In my reply, I am assuming these are in walls and not bookshelf or towers. Modern AMPS will adjust the level with a mic to compensate for distance to viewer.


----------



## bohaiboy (Aug 19, 2009)

Haven't decided on in-wall or mounted. We have spray foam insulation between the BR and Family room, so I am not quite sure having a "non hollow" wall would affect sound for an in-wall speaker.


----------



## onetec (Aug 27, 2010)

It would probably improve the sound. However, cutting out sprayed in (if it's the foam that hardens) and fishing wires through it can be a nightmare. Beware. You will also probably hear the speakers on the other side of the wall so keep that in mind.


----------



## bohaiboy (Aug 19, 2009)

I was thinking about taking a piece of re-bar and creating a tunnel in the foam to aid in fishing wires thru. SO in your opinion having the foam will help the sound?


----------



## onetec (Aug 27, 2010)

Yep. It's like adding a "backer box". It will focus the sound forward. That foam is probably going to be tougher than you think.


----------



## Mr Chips (Mar 23, 2008)

bohaiboy said:


> I was thinking about taking a piece of re-bar and creating a tunnel in the foam to aid in fishing wires thru. SO in your opinion having the foam will help the sound?

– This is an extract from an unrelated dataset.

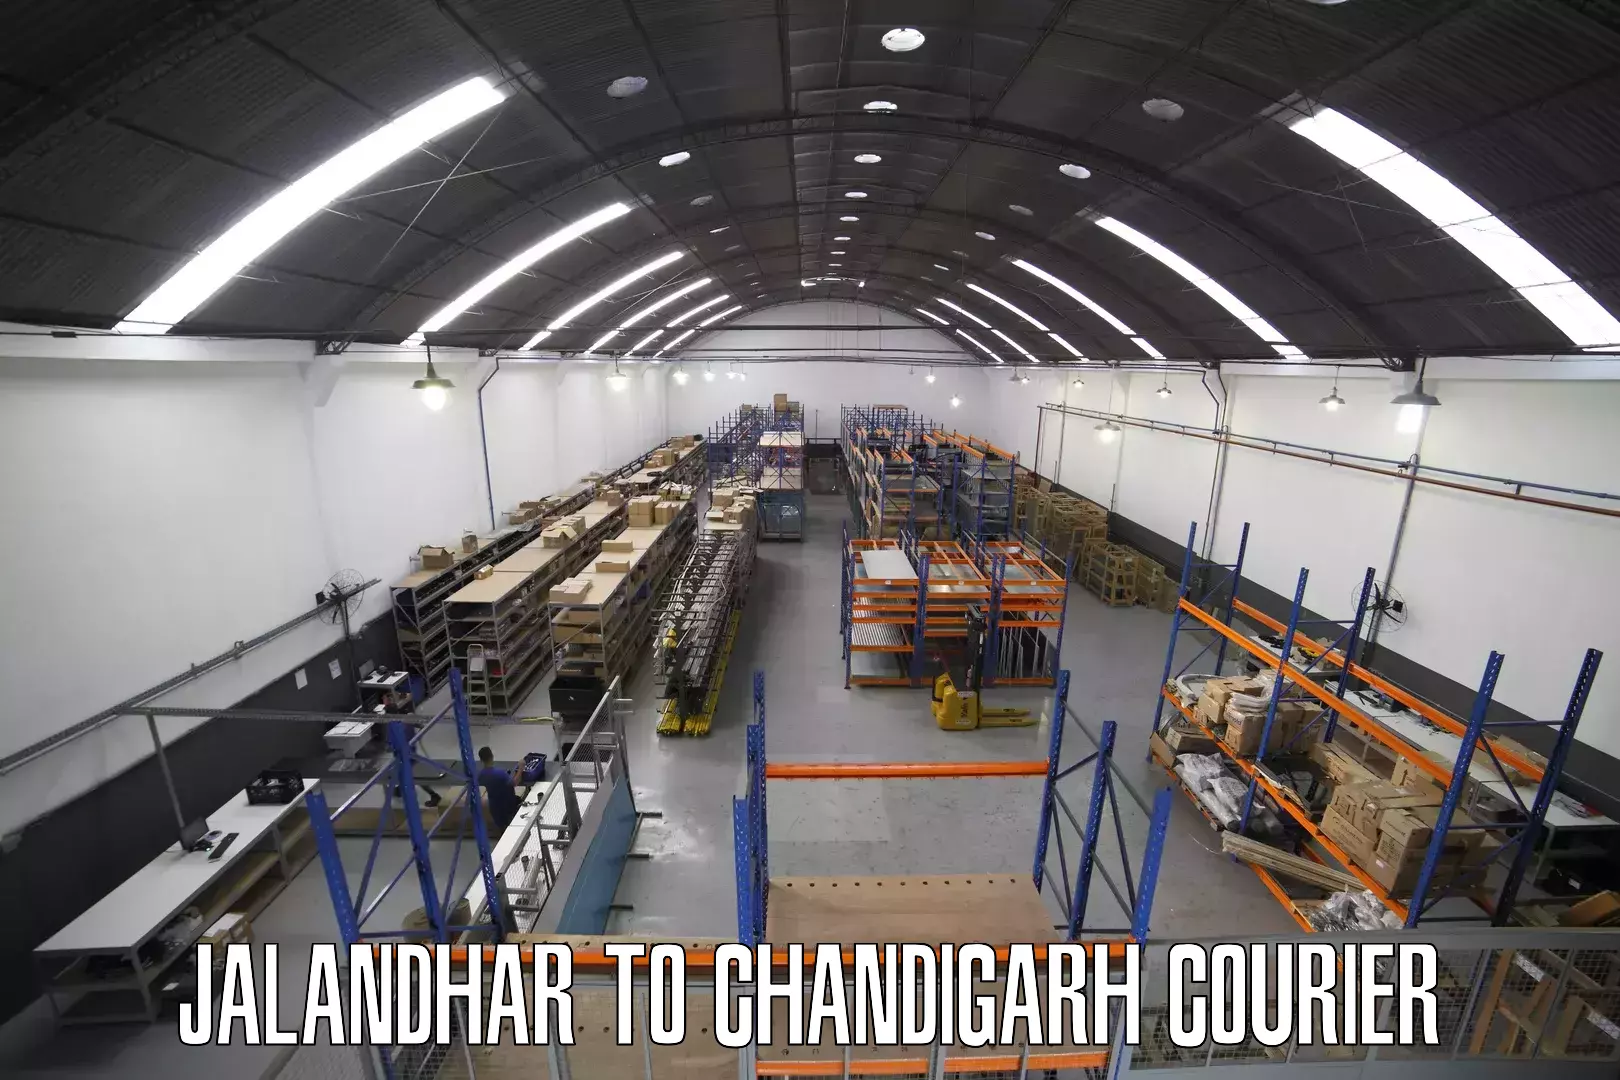 Quality courier partnerships Jalandhar to Chandigarh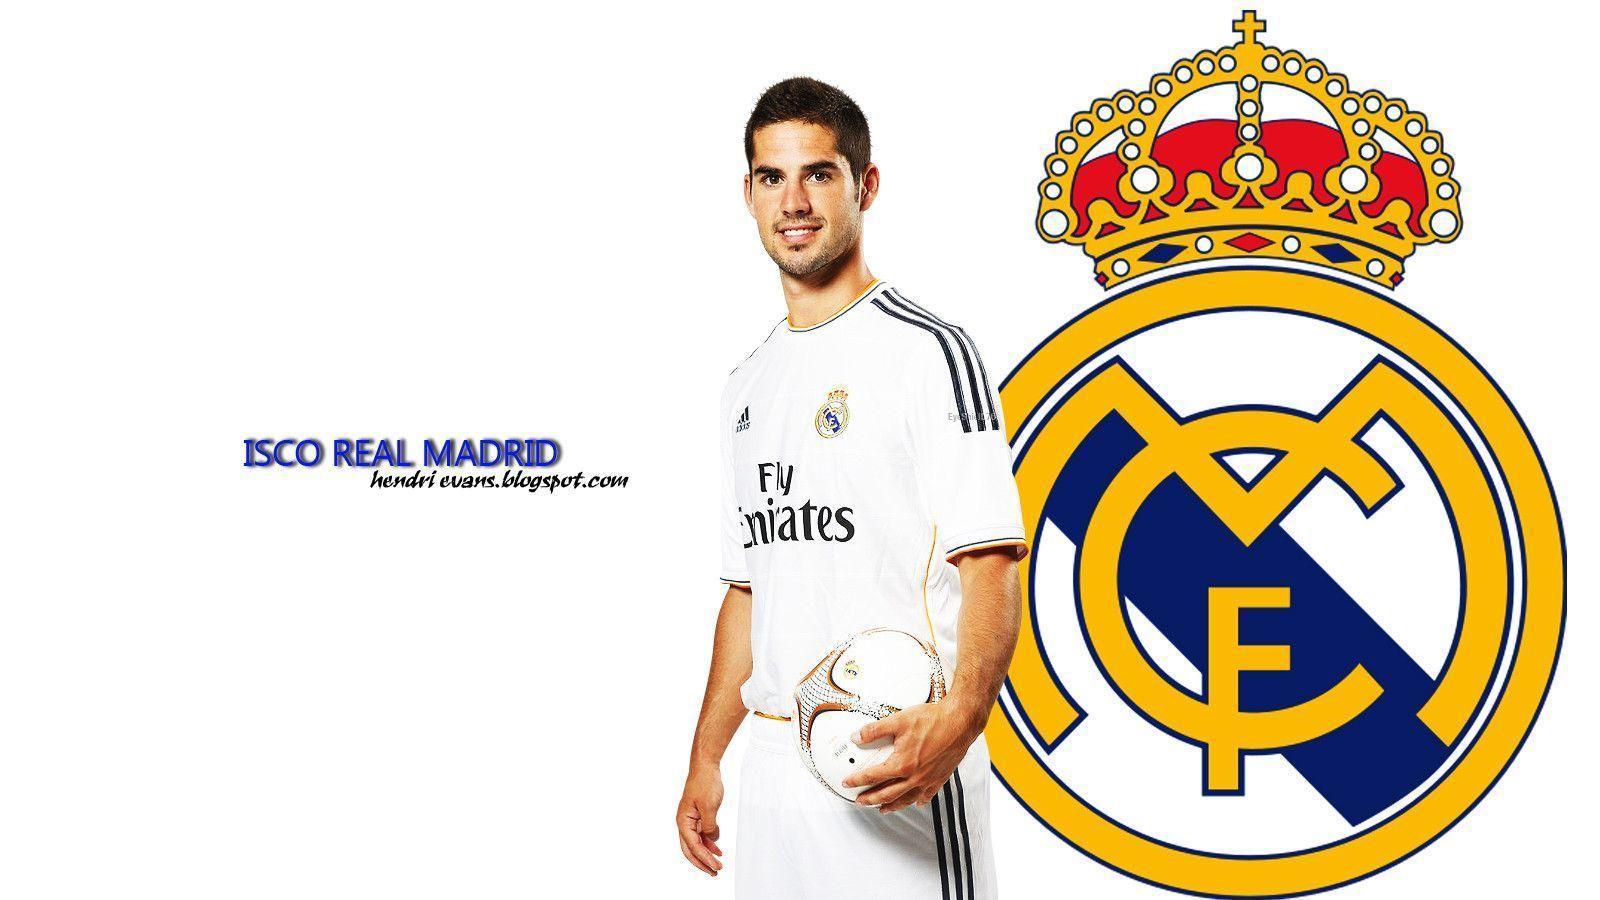 Isco with Real Madrid team logo image for wallpapers

Probably be easier to drill through the foam then to poke through. in order to poke it, it has to have somewhere to go, where drilling will actually remove it. You can get a 5' flex bit for around $30 at the big box stores, they are usually in the electrical section, sometimes in a piece of pvc pipe that is strapped vertically to the pallet racking. 

Foam will help a lot, many of the cabinet type speakers you buy are foam filled to direct the sound forward, as another poster mentioned


----------



## onetec (Aug 27, 2010)

I totally agree that a drill bit will work better than rebar. However, I would add that a solid auger bit with a couple of quick connect extenders would be easier to direct than a flex bit in these circumstances. You use the agar drilling up near the dry wall at a slight angle away then add extenders as needed. This allows for a more accurate path upwards and reduces the risk of the bit wandering. Also, I personally would drill from the top down straight through the middle using an auger with extensions. This is a learned skill and presents it's own risks but can be far less problematic if you know how to accurately locate where to drill.

Either way, be sure to check both sides of the wall for obstructions and use a voltage detector to look for power. Check above in attic for obstructions, power wires, or pipes using that cavity. Another issue is that stud finders may not work with hard foam so you may have a hard time detecting things like fire-blocks in the wall.

On a wire-fishing difficulty scale from 1-10, I would put this at an 8 for a novice. JMHO.


----------